Monday, December 19, 2016
For Micron Technology, it is no longer meaningful to implement the "Inotera Memories model" in China, according to Mark Durcan, CEO for the US memory vendor.
The so-called Inotera model sees Micron receive licensing fees and a portion of memory production capacity from partners which lack sufficient technology but are capable of scaling up output with huge capital.
Micron already has enough DRAM production capacity and economies of scale, and having another partner like the pre-acquisition Inotera is no longer meaningful for the company, said Durcan. Micron's principle is to protect the interests of shareholders and the team, while avoiding destabilizing the industry supply-demand balance, Durcan continued.
In fact, the joint venture deal betwen Micron and Nanya Technology was quite successful. Inotera was allowed to expand its DRAM production capacity with technology licensed from Micron and capital from Nanya, and Micron and Nanya were both able to expand their respective output and global market share.

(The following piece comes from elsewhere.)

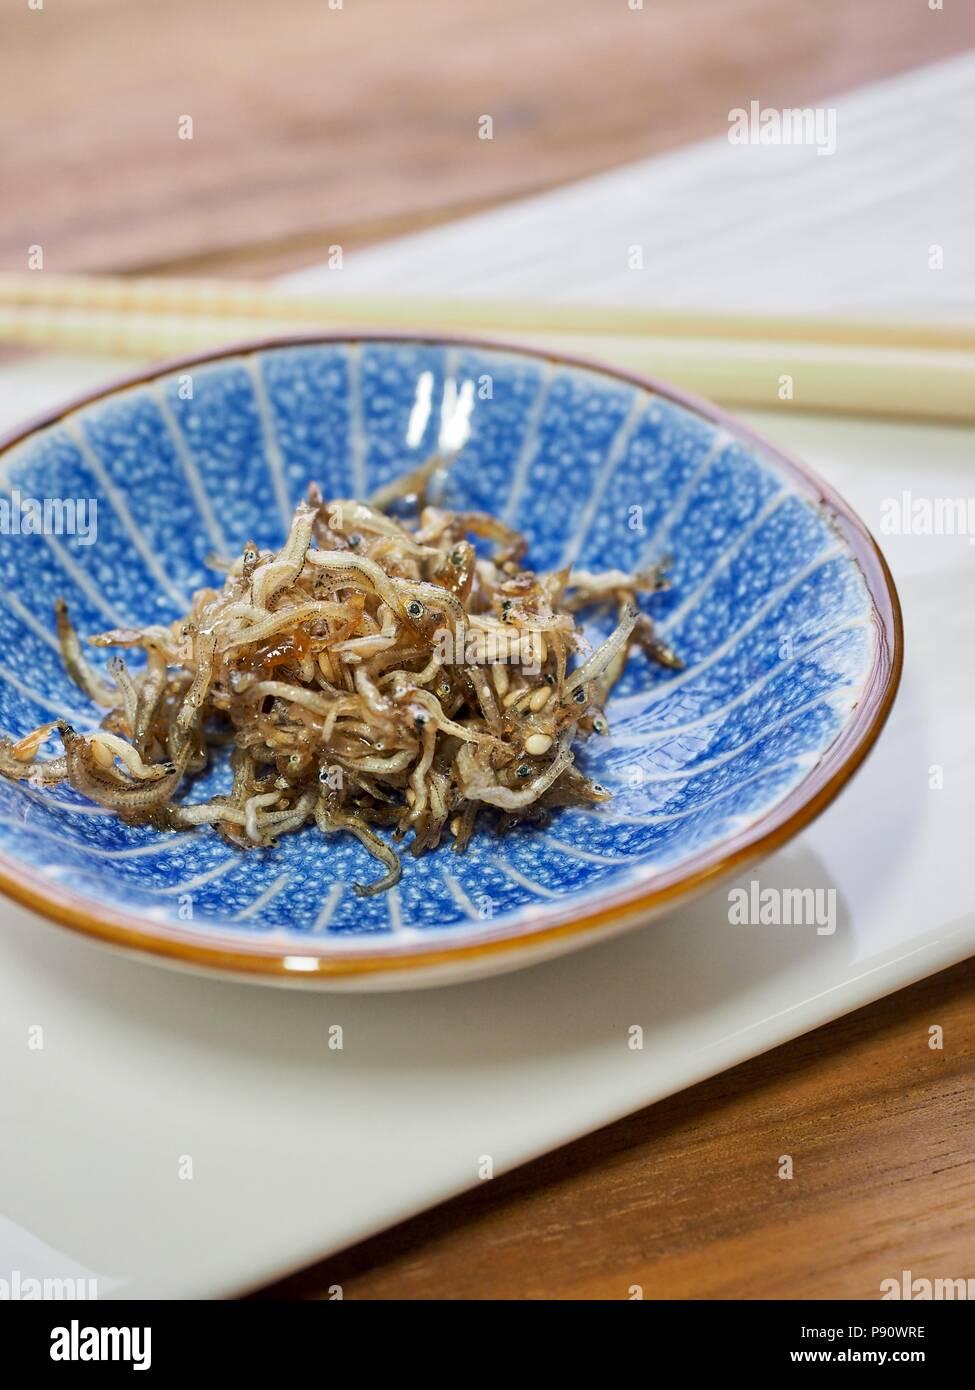 Korean food Stir-fried anchovies - Stock Image

Nevertheless, the current circumstances are different as DRAM prices have become more stable, and Micron's production base worldwide has expanded substantially, Durcan said.
Micron recently completed acquiring Inotera, formerly a Taiwan-based production partner of the US firm. Previously, Micron took over Taiwan-based Rexchip Electronics as a result of its acquisition of Japan's Elpida Memory. Taiwan now accounts for more than 60% of Micron's overall DRAM production capacity, which is mostly Micron's leading-edge capacity, Durcan said.
At the same time, China is aggressively developing its homegrown chipmaking industry including the memory sector. State-backed Tsinghua Unigroup had previously proposed a more than US$20 billion bid for Micron, but the offer is believed to have been turned down. Nevertheless, China remains aggressive in building its homegrown technology for making DRAM chips.
China will definitely be capable of finding a partner like Micron to license technology and make joint investments with, but for Micron, it would be appropriate to implement such a model 10 years ago when the DRAM industry was still immature and very competitive, Durcan noted. The industry has now entered its mature stage, and the chip prices tend to grow at a relatively stable rate. For Micron, there is less reason to be in that kind of relationship than there was 10 years ago, Durcan added.
However, such a joint-venture model may make more sense in the NAND flash sector, where the chip prices remain volatile and suppliers require huge capital to expand their production capacity, Durcan indicated. In China, nevertheless, implementing the model could be complex since every group of investors has their own interests and values that have to be materialized, Durcan said.
In addition, Durcan commented that 2017 will be a "pretty good" year for the DRAM market as supply seems to be well-controlled and demand is strong. As for NAND flash, end-market demand is growing fast while suppliers are transitioning to 3D technologies. The NAND flash market for 2017 is more difficult to predict, Durcan said, but he believes the supply will still be tight at least for the first half of 2017.
The overall memory market outlook for the next 18 months is quite positive, said Durcan, adding that suppliers are more cautious about their investments and capacity expansions. At least spending from Micron's competitors tends to be more reasonable, Durcan said.